Rising hotel and airline costs are main reason why seven in ten European corporate travel buyers expect their travel budgets to rise in 2019

13 March, 2019

Corporate travel decision makers in Europe are facing increasing challenges when it comes to how they spend those budgets from rising hotel and airline costs and increased pressure to maximise the value of their travel investments. A recent study from Cvent highlights that almost seven in ten of them anticipate their travel budget will increase in 2019, with 16% of respondents saying they expect their budget to significantly increase.

The research brief from the software-as-a-service company, entitled ‘The European Travel Manager in 2019’ reveals that just one in four European travel buyers expects their budget to remain unchanged this year, with just 6% foreseeing a year-over-year decline. German buyers are especially optimistic about their budgets, with 21% expecting a significant increase in 2019.

The study found that more than seven in ten (73%) of travel buyers across Europe say they source accommodation at least once a year, with 16% of that total doing it more than once annually. One in five (20%) source accommodation once very two years, with around 5% sourcing once every three years or longer.
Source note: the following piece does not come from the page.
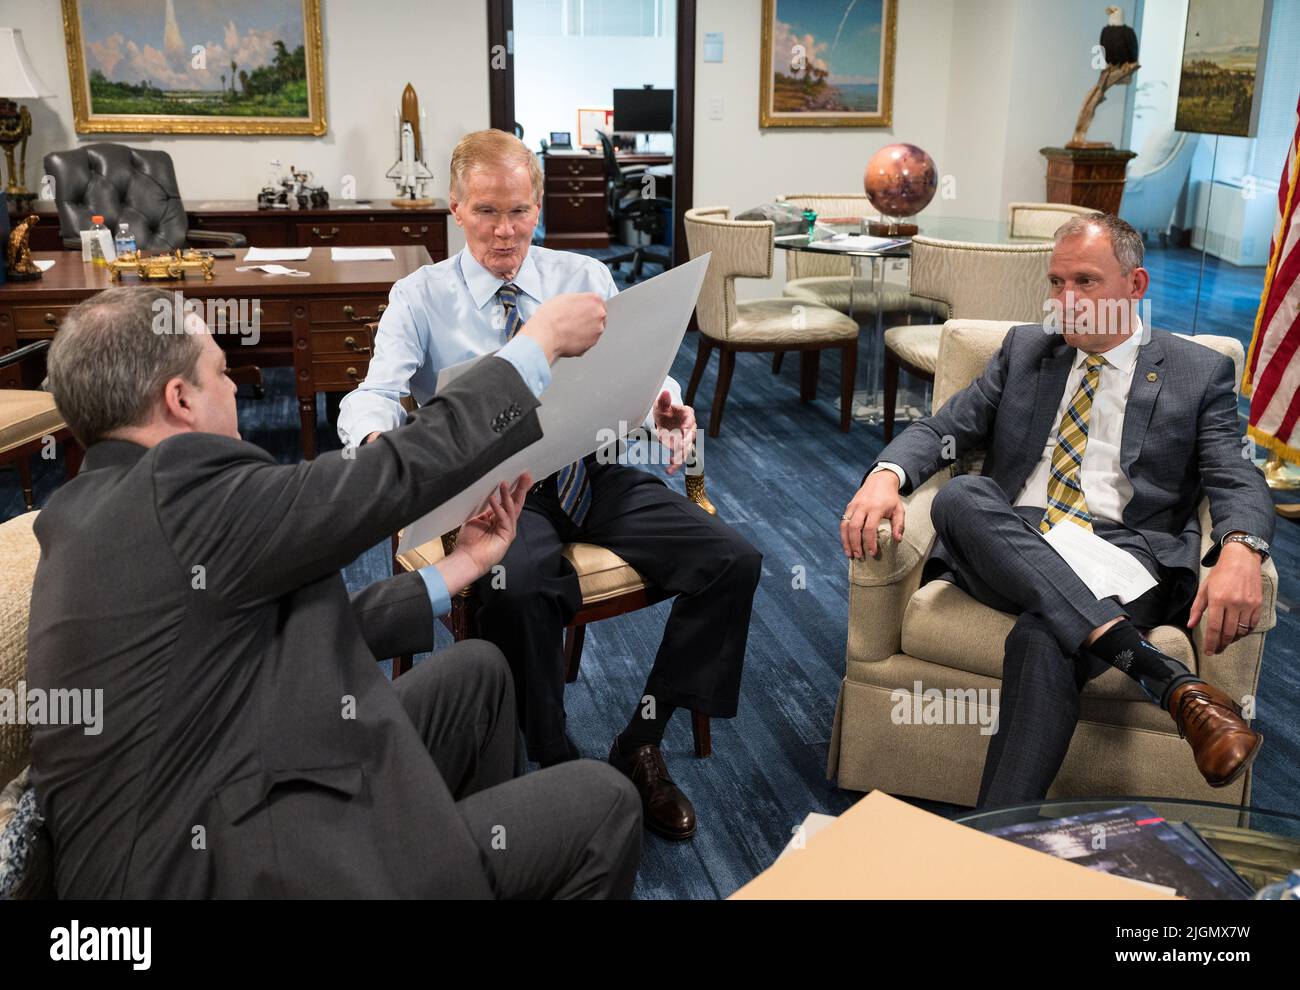 NASA Administrator Bill Nelson, center, and Associate Administrator for NASA's Science Mission Directorate, Thomas Zurbuchen, right, react to the first full-color images from NASA's James Webb Space Telescope in a preview meeting with Webb project scientist at the Space Telescope Science Institute, Klaus Pontoppidan, left, Monday, July 11, 2022 at the Mary W. Jackson NASA Headquarters building in Washington. The first images and spectroscopic data from the world's largest and most powerful space telescope, set to be released July 11 and 12, will demonstrate Webb at its full power, as it begins Stock Photo

Chain hotels are the most commonly booked accommodation type for travel programmes, selected by more than half (53%) of managers surveyed. Together, mid-scale (24%) and boutique or independent hotels (12%) are the preference for just over one third of respondents, with the remainder citing shared apartments (7%) or sharing economy accommodation (4%).

We are seeing clear changes in traveller habits, but generational changes are also appearing to influence travel buyer habits too. The Cvent research shows that younger travel buyers are more likely to book their employees into shared service apartments than their more seasoned peers as perhaps their own travel habits start to influence business activity.

Travel managers are citing location (69%) as the most important consideration for hotel selection, followed by price (59%), amenities such as complimentary breakfast and WiFi (53%). Hotel star rating (30%) and loyalty programmes (25%) appear much further down the criteria listing and not nearly as significant when managers choose hotels for travellers.

Rising hotel costs (27%) are the biggest challenge for any accommodation travel buyer. But, the research results also highlights a lack of transparency from hotels in the negotiation process (17%), submissions failing to meet with bid requirements (16%), slow or incomplete responses to request for proposals (13%), and chain account managers failing to provide crucial information from the company to individual hotels (11%), as other areas of concern.

The findings, which were based on a Dec-2018 survey of 500 travel buyers from across France, Germany, Italy, Spain and the United Kingdom, shows that while travel buyers may have larger budgets, pressure from rising hotel and air costs and high organisation expectations for return on investment with travel programmes, means they are under increasing pressure to deliver.

The report suggests that hotels that are “responsive to these concerns” and work “to build and maintain trust” throughout the bid and negotiation process will be “better positioned to sustain existing relationships” with buyers and “build new ones during the next sourcing season”.

While the results show that chain hotels are particularly well positioned to meet travel buyers’ needs, the survey responses display a “pre-eminence of location” as a hotel selection criterion, and the “relative insignificance” of loyalty programmes, opens the door of opportunity for mid-scale and independent boutique hotels.

“Hotels that respond quickly, completely and transparently to corporate travel decision maker invitations may have the opportunity to distinguish themselves and achieve growth in a highly competitive business travel market.” says the report.